The central question of research of our group is the understanding of host-pathogen interactions on the molecular level. For a complete understanding of this critical interface, we need to integrate the immune defence of the host, the response of the pathogen, the function and regulation of virulence determinants and ultimately, the manipulation of host cell function by virulence factors of pathogens.
Our group uses Salmonella enterica as a model organism for the study of host-pathogen interaction. Infections with S. enterica are frequent and of high clinical importance. In Germany, Salmonella is the most frequent bacterial agent of gastrointestinal infections and worldwide typhoid fever is a major health problem. While typhoid fever is very rare in Germany, there is an increasing number of cases of non-typhoidal systemic infections, especially in very young or elderly individuals. The treatment of these infections is complicated by the frequent multi-resistance against antibiotics. A number of S. enterica infections also develops into persistent diseases which are associated with shedding of the bacteria.
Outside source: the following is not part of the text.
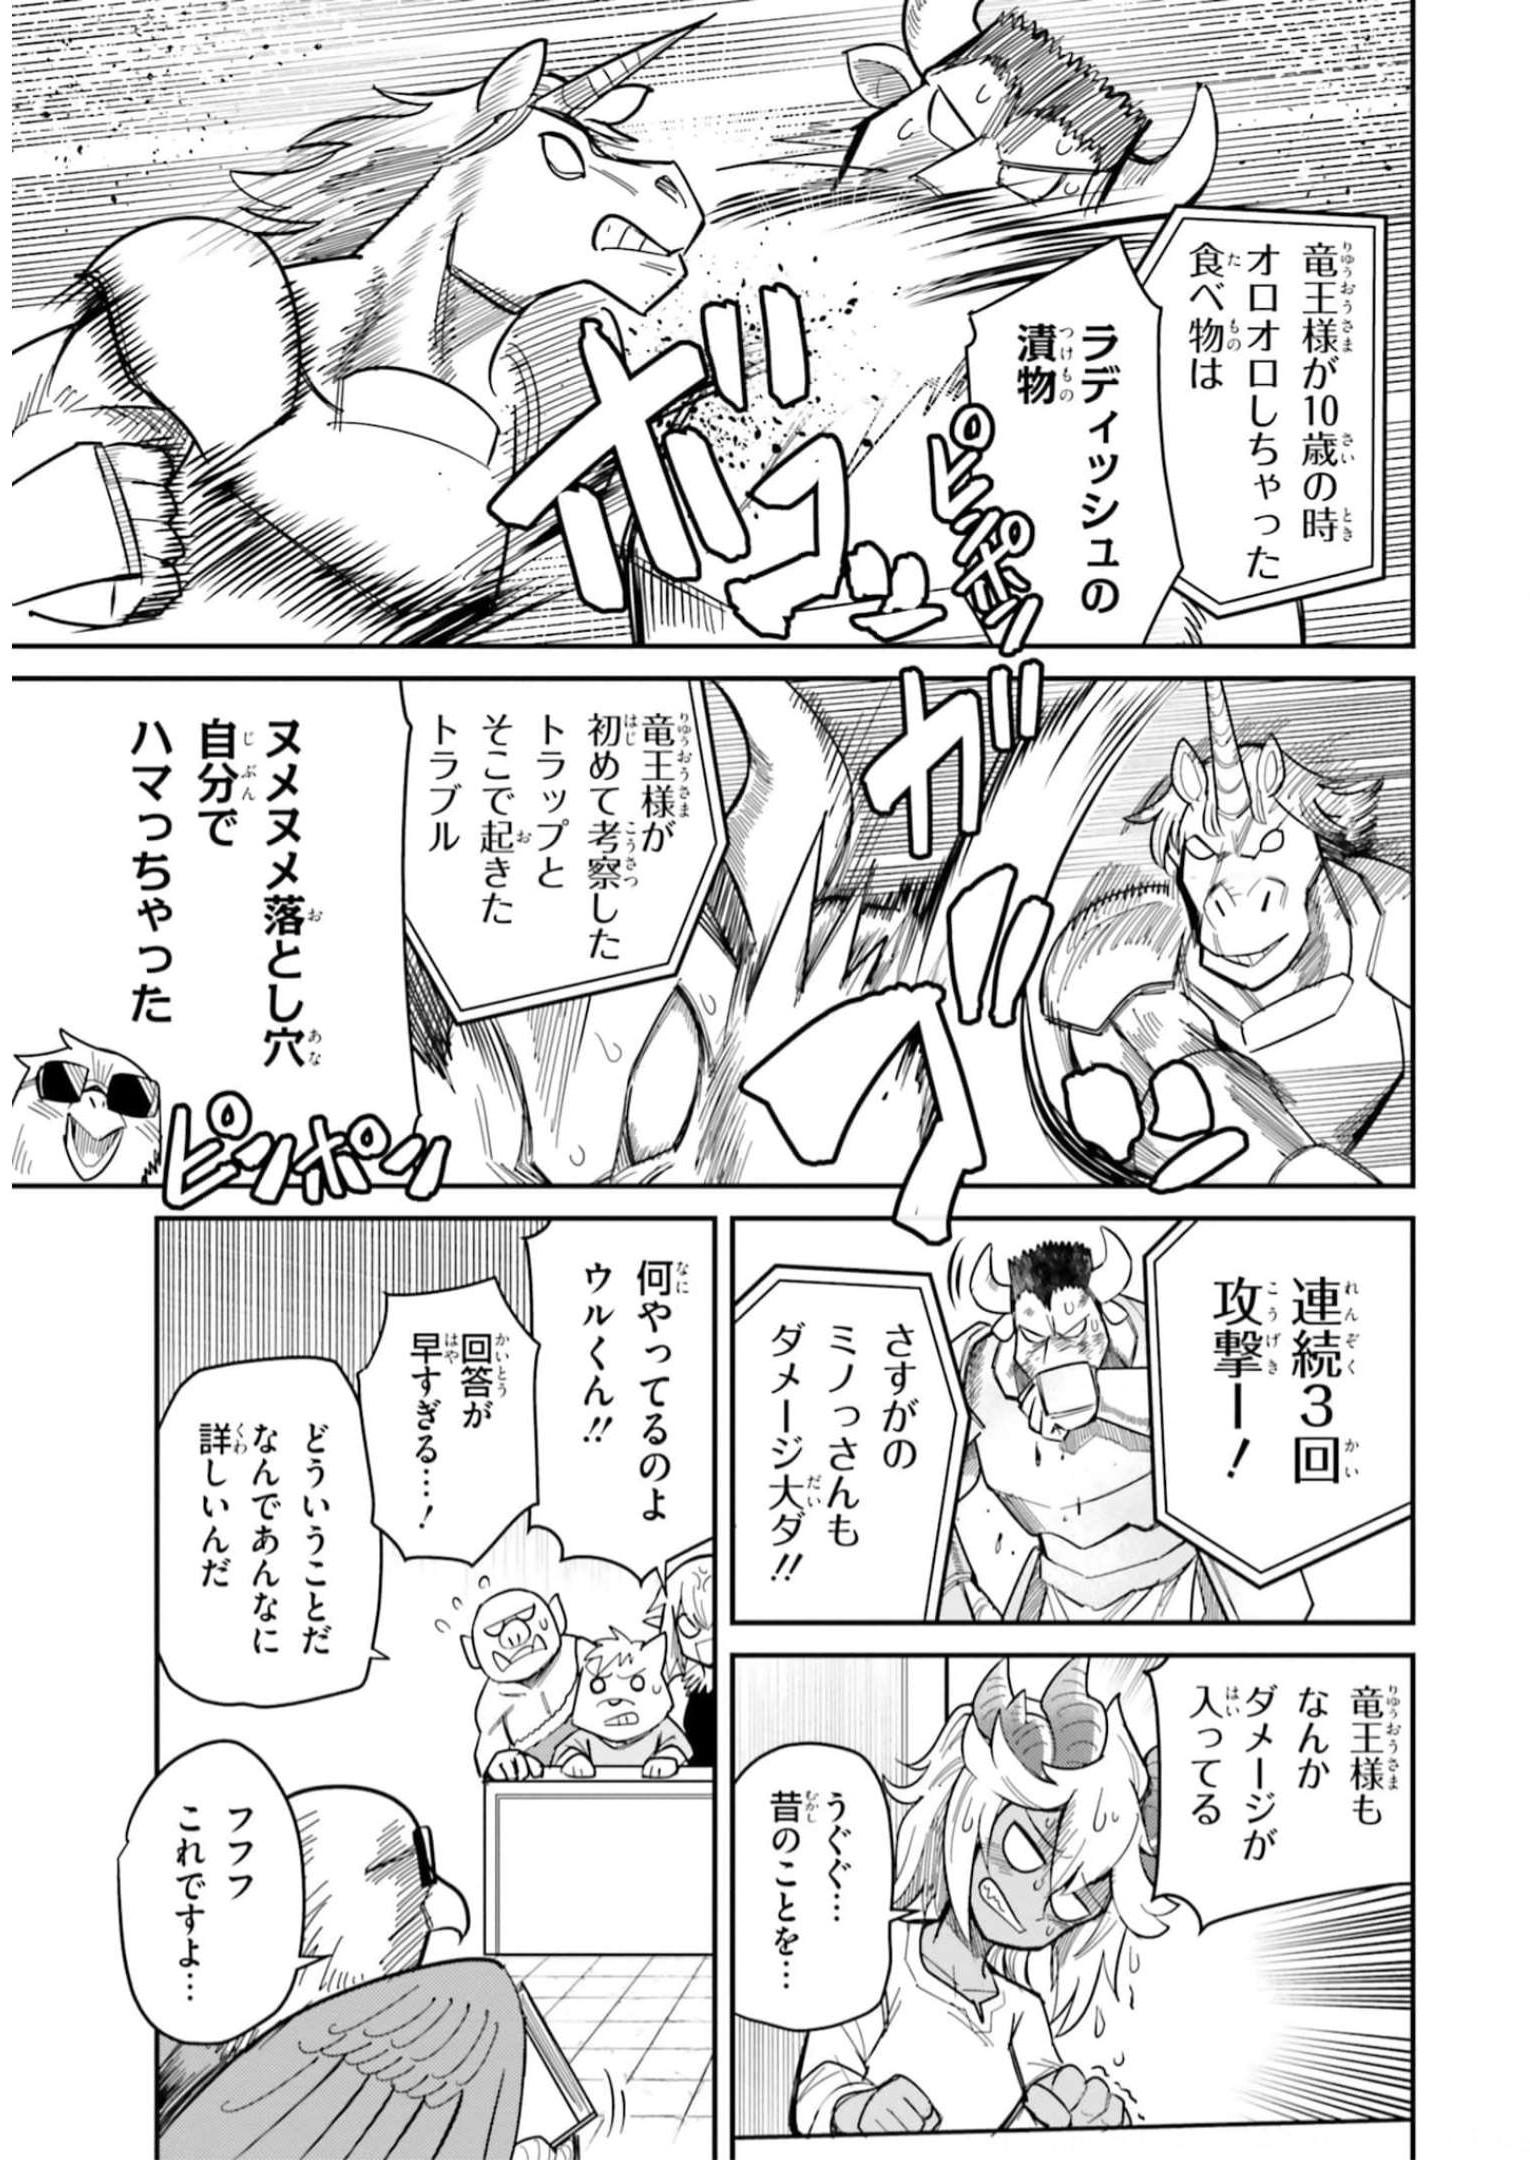 Dungeon Friends Forever Dungeon’s Childhood Friend ダンジョンの幼なじみ 第21話 - Page 6

In addition to the importance as a frequent pathogen, S. enterica is a very useful model organism for the study of the molecular mechanisms of host pathogen interaction. Salmonella can be easily genetically modified and a vast body of data on genome sequences and gene regulation is available. There are also well established cell culture and animal models of infection that simulate human systemic infection, localized gastroenteritis, as well as bacterial persistence.

We have recently discovered novel mechanisms of the modification of host cell transport processes by intracellular Salmonella. In particular, the organization of the microtubule cytoskeleton and the vesicular transport along microtubules are modified by activities of the pathogen. This activity might be the molecular basis of various previously described phenotypes, such as the biogenesis of a unique parasitophorous vacuole, defence of the pathogen against innate immune functions, the inhibition of antigen presentation by dendritic cells, or the altered exocytosis in infected cells.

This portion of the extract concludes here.